→ Requirement
An exact copy of the data is required, with no pictures in it.

→ Raw data
↓↓↓
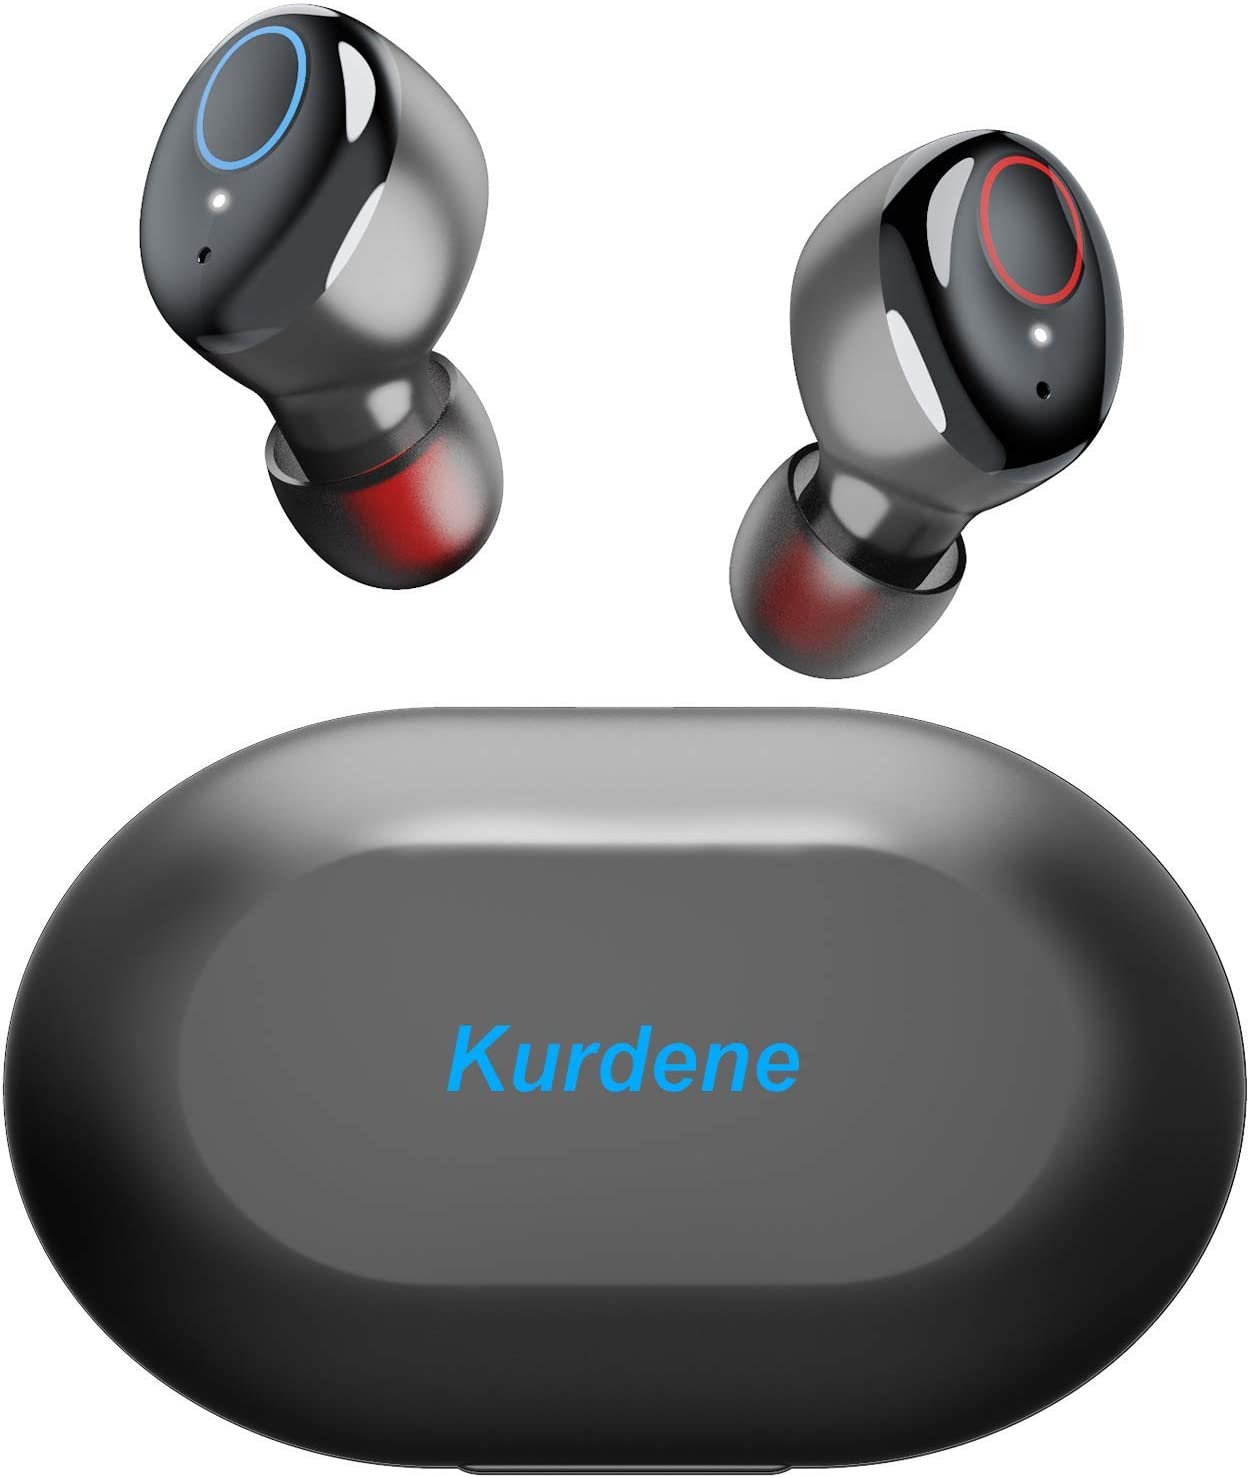 Kurdene Wireless Earbud
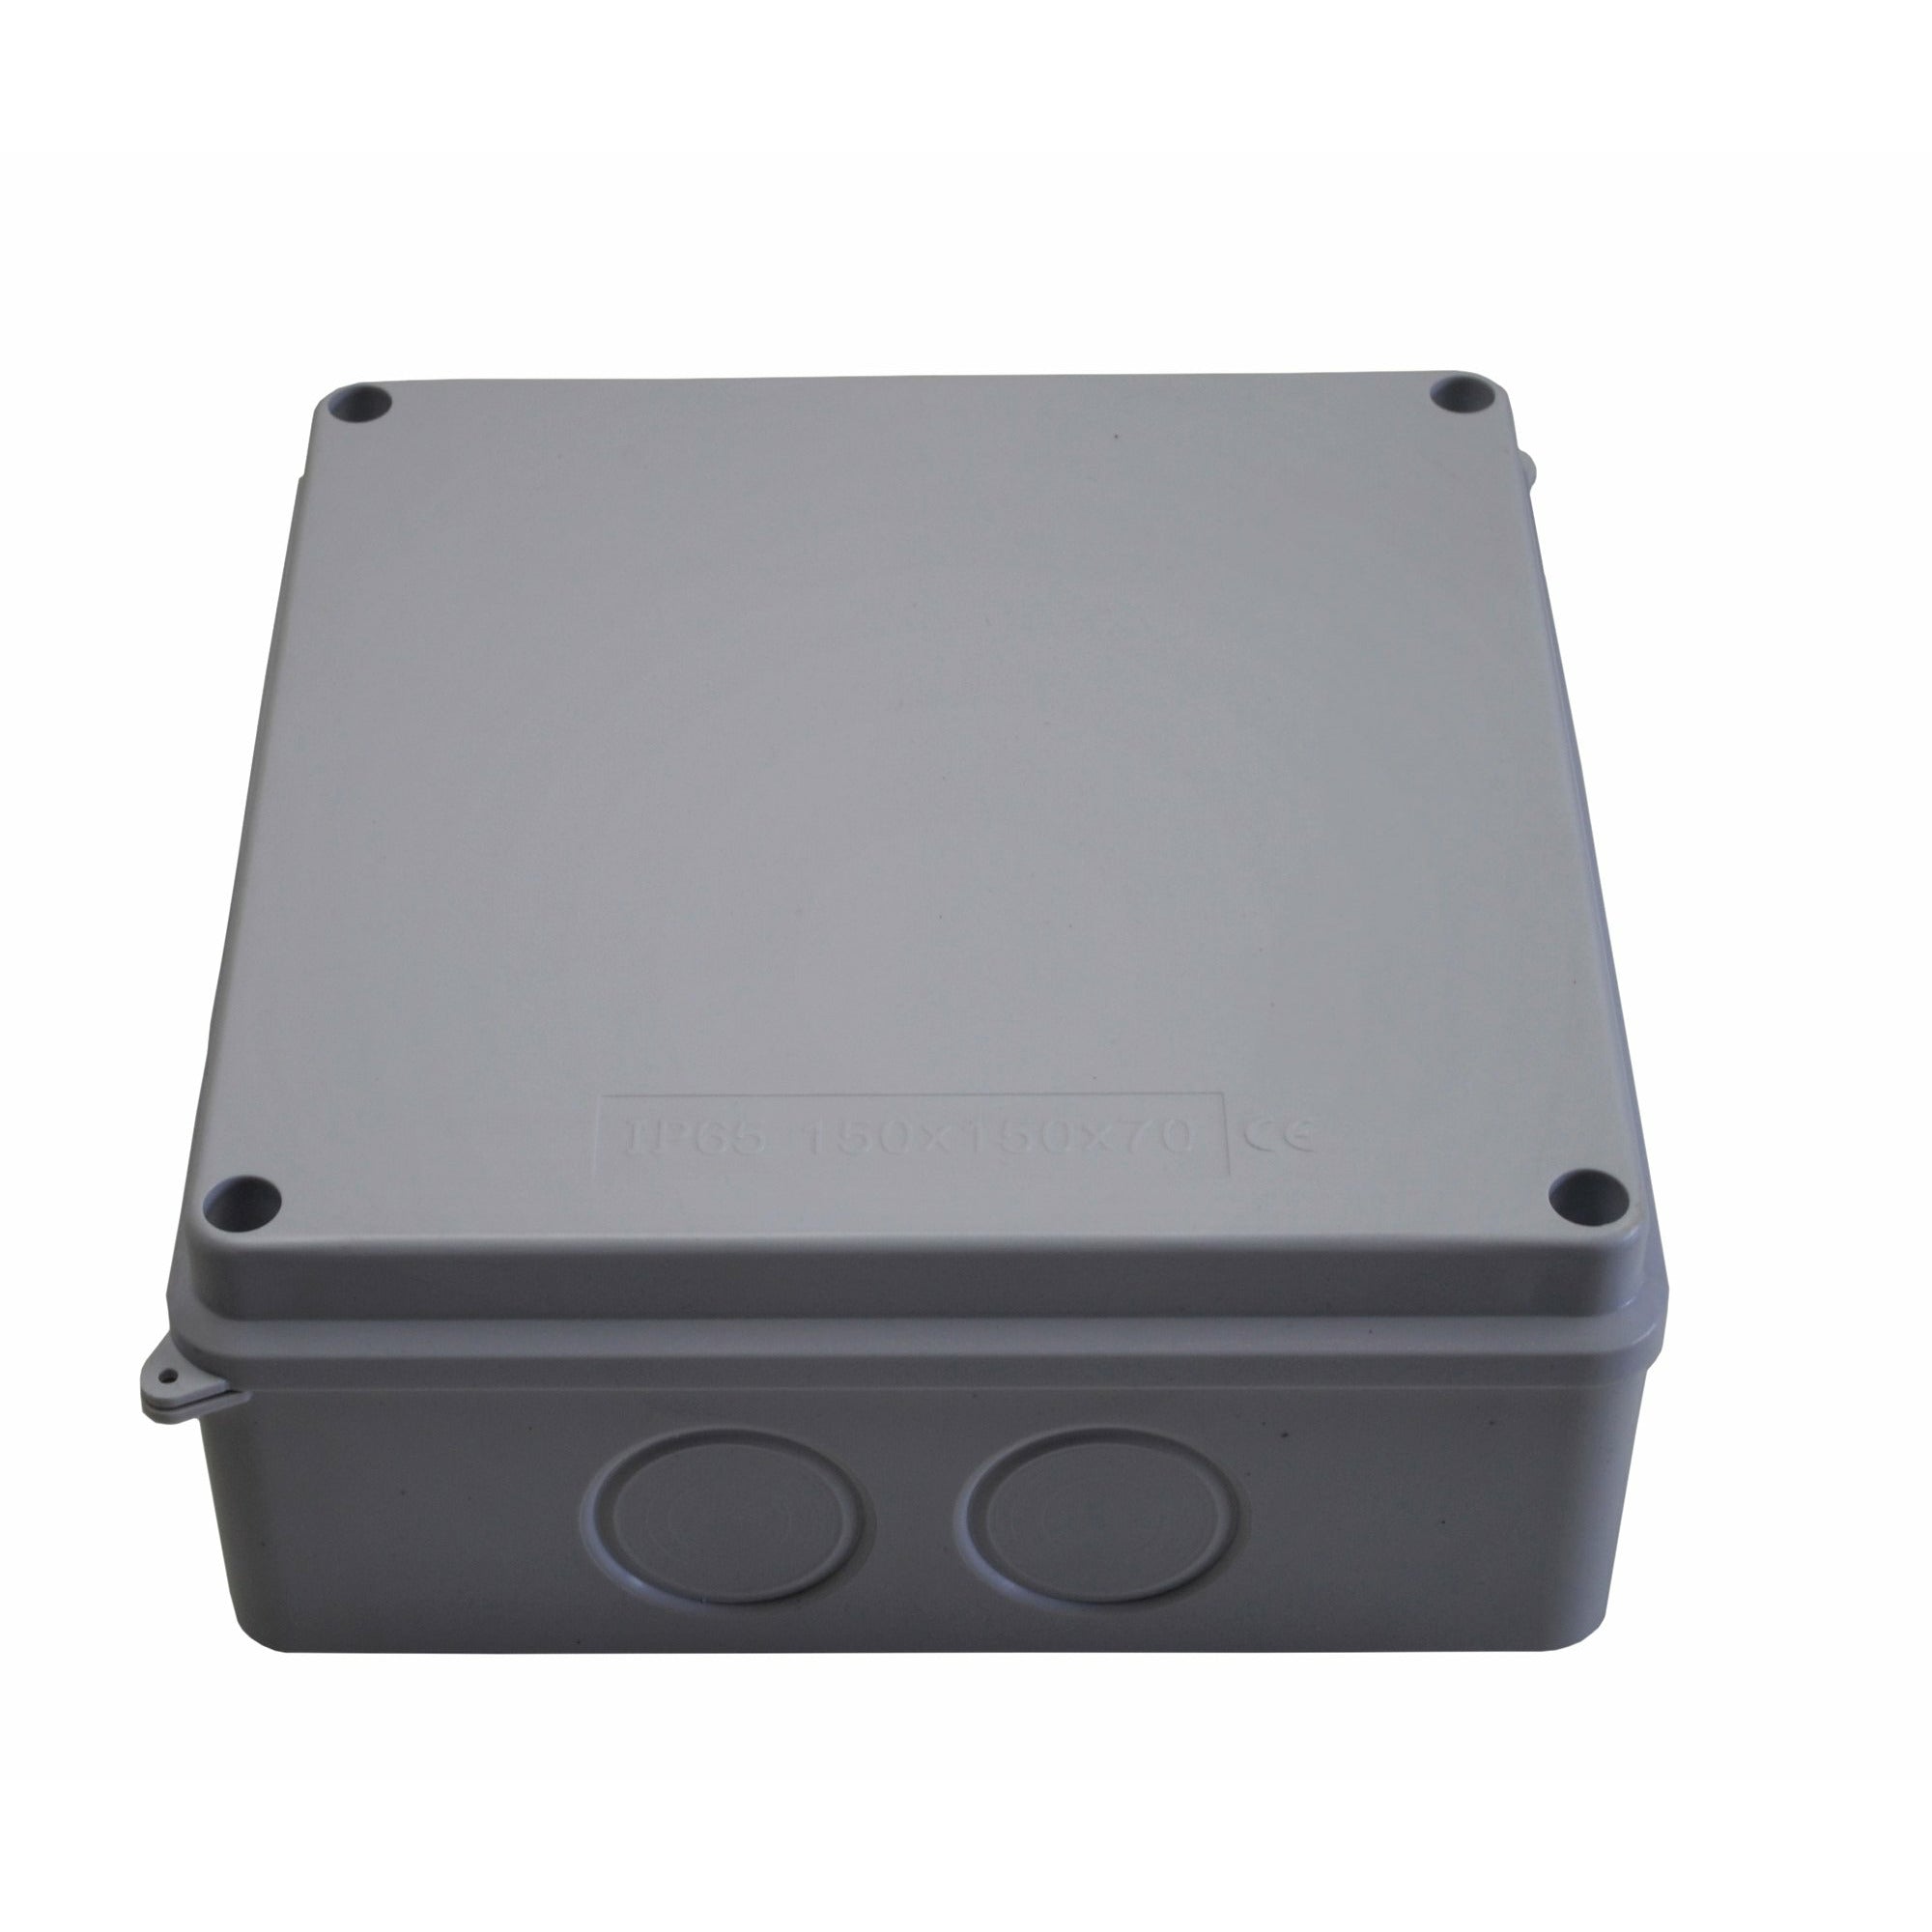 150x150x70 mm no grommet IP65 Waterproof Junction Box
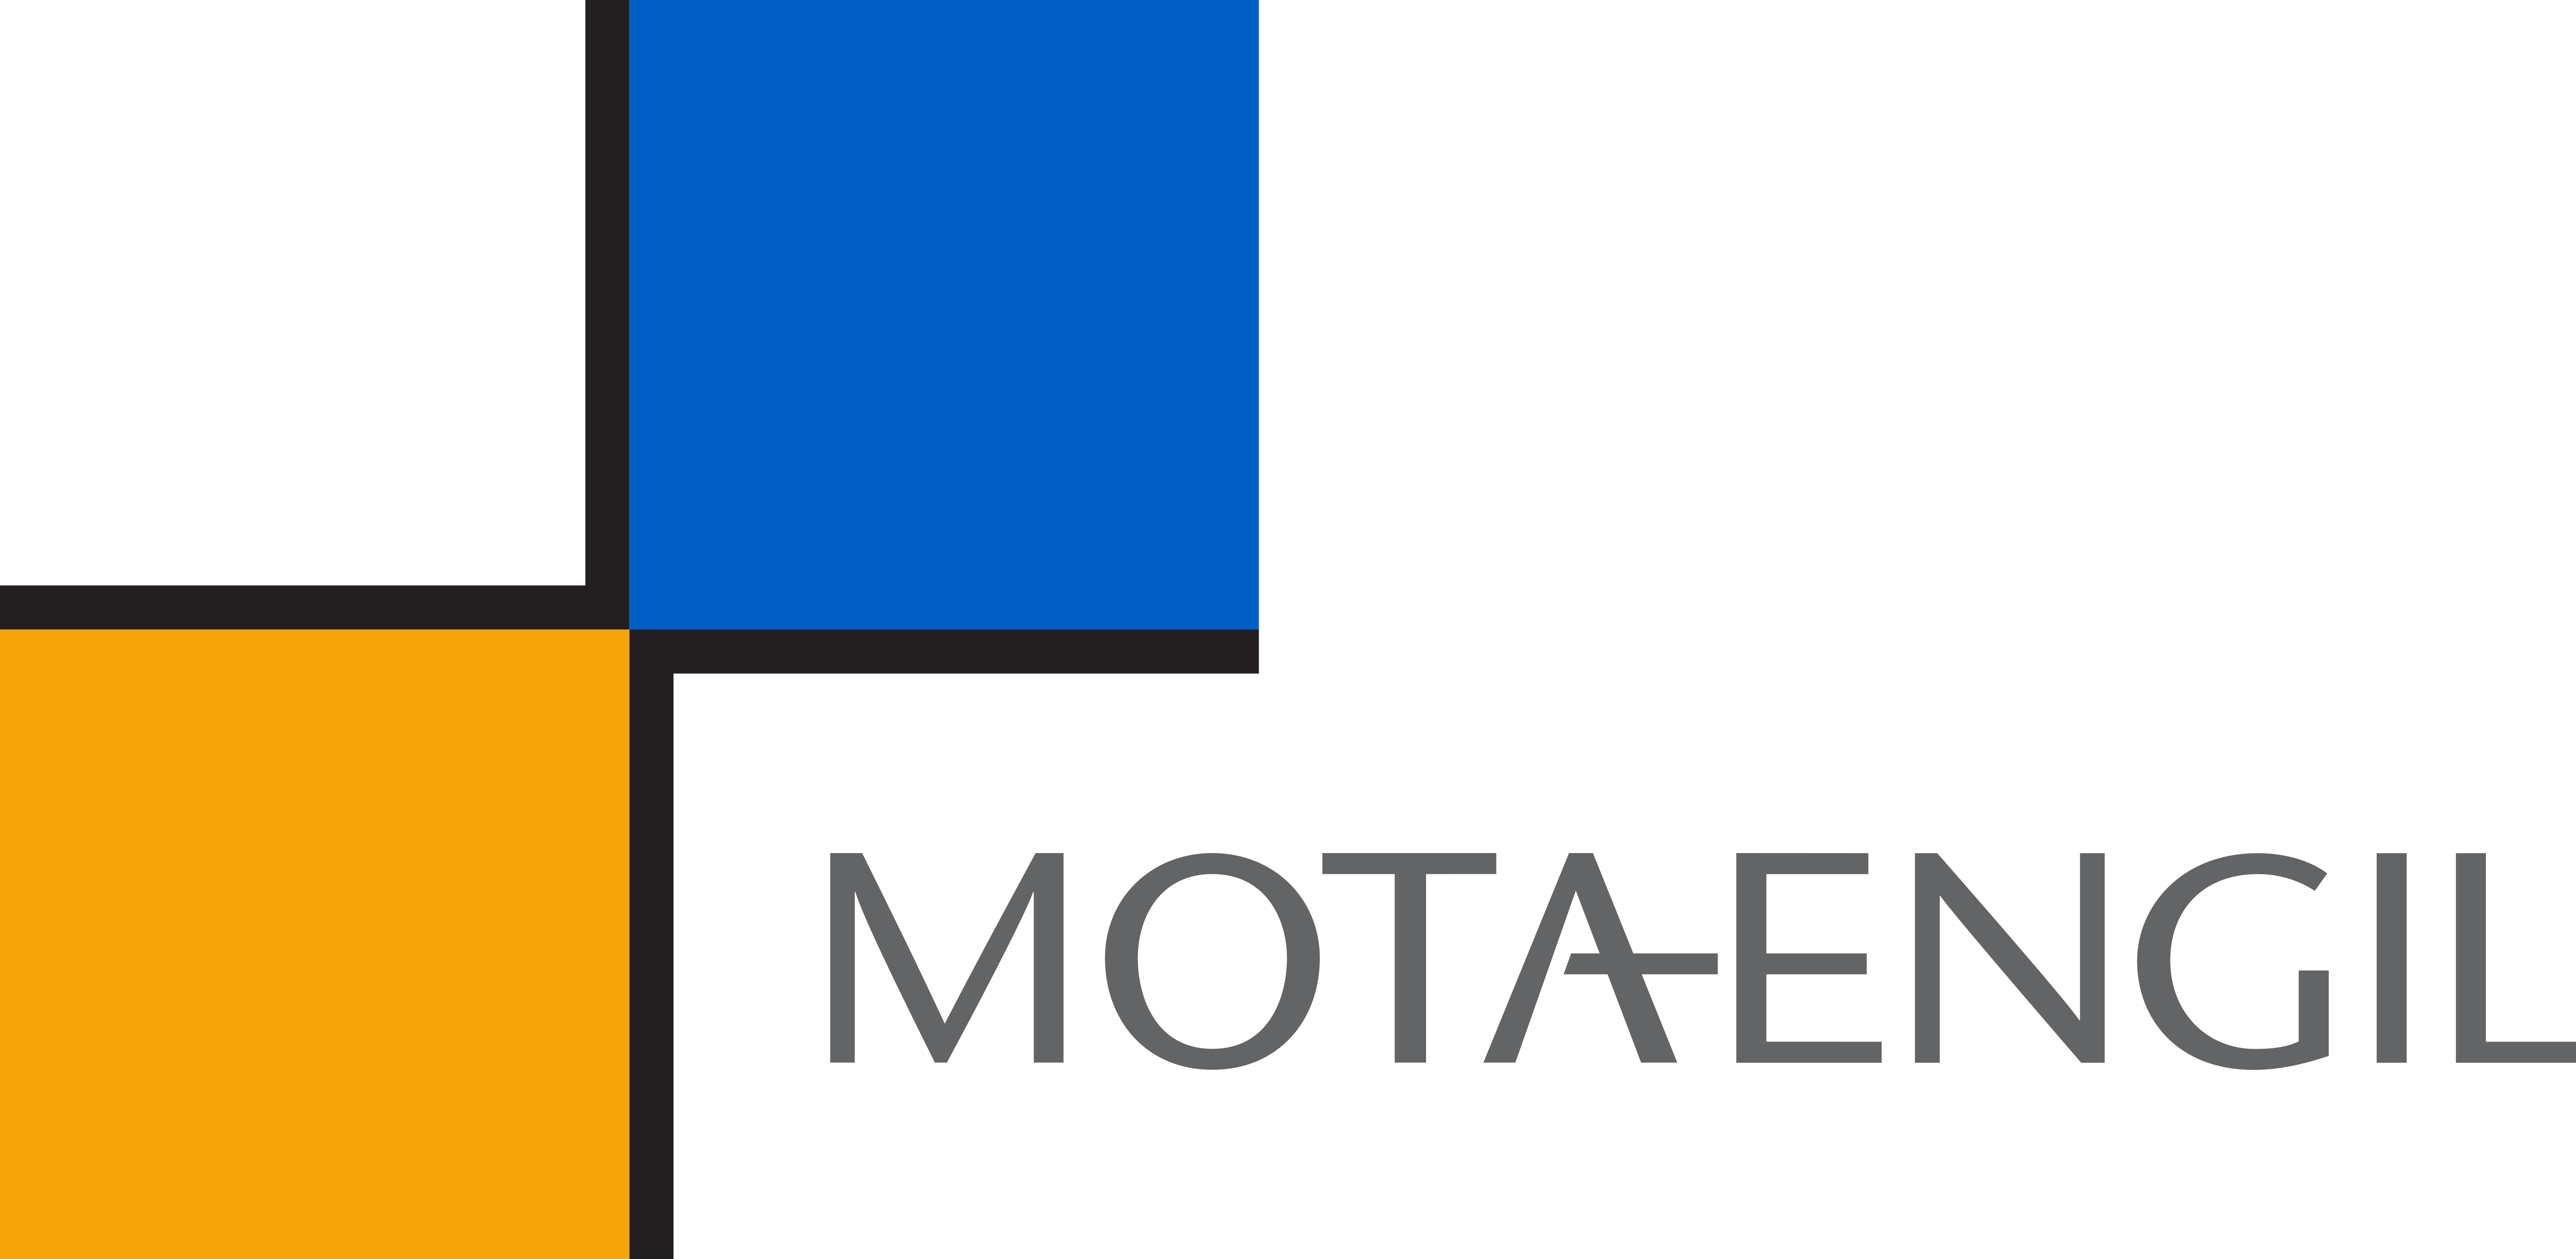 Mota Engil – Logos Download
↑↑↑
→ Worked solution
 Kurdene Wireless Earbud
 150x150x70 mm no grommet IP65 Waterproof Junction Box
 Mota Engil – Logos Download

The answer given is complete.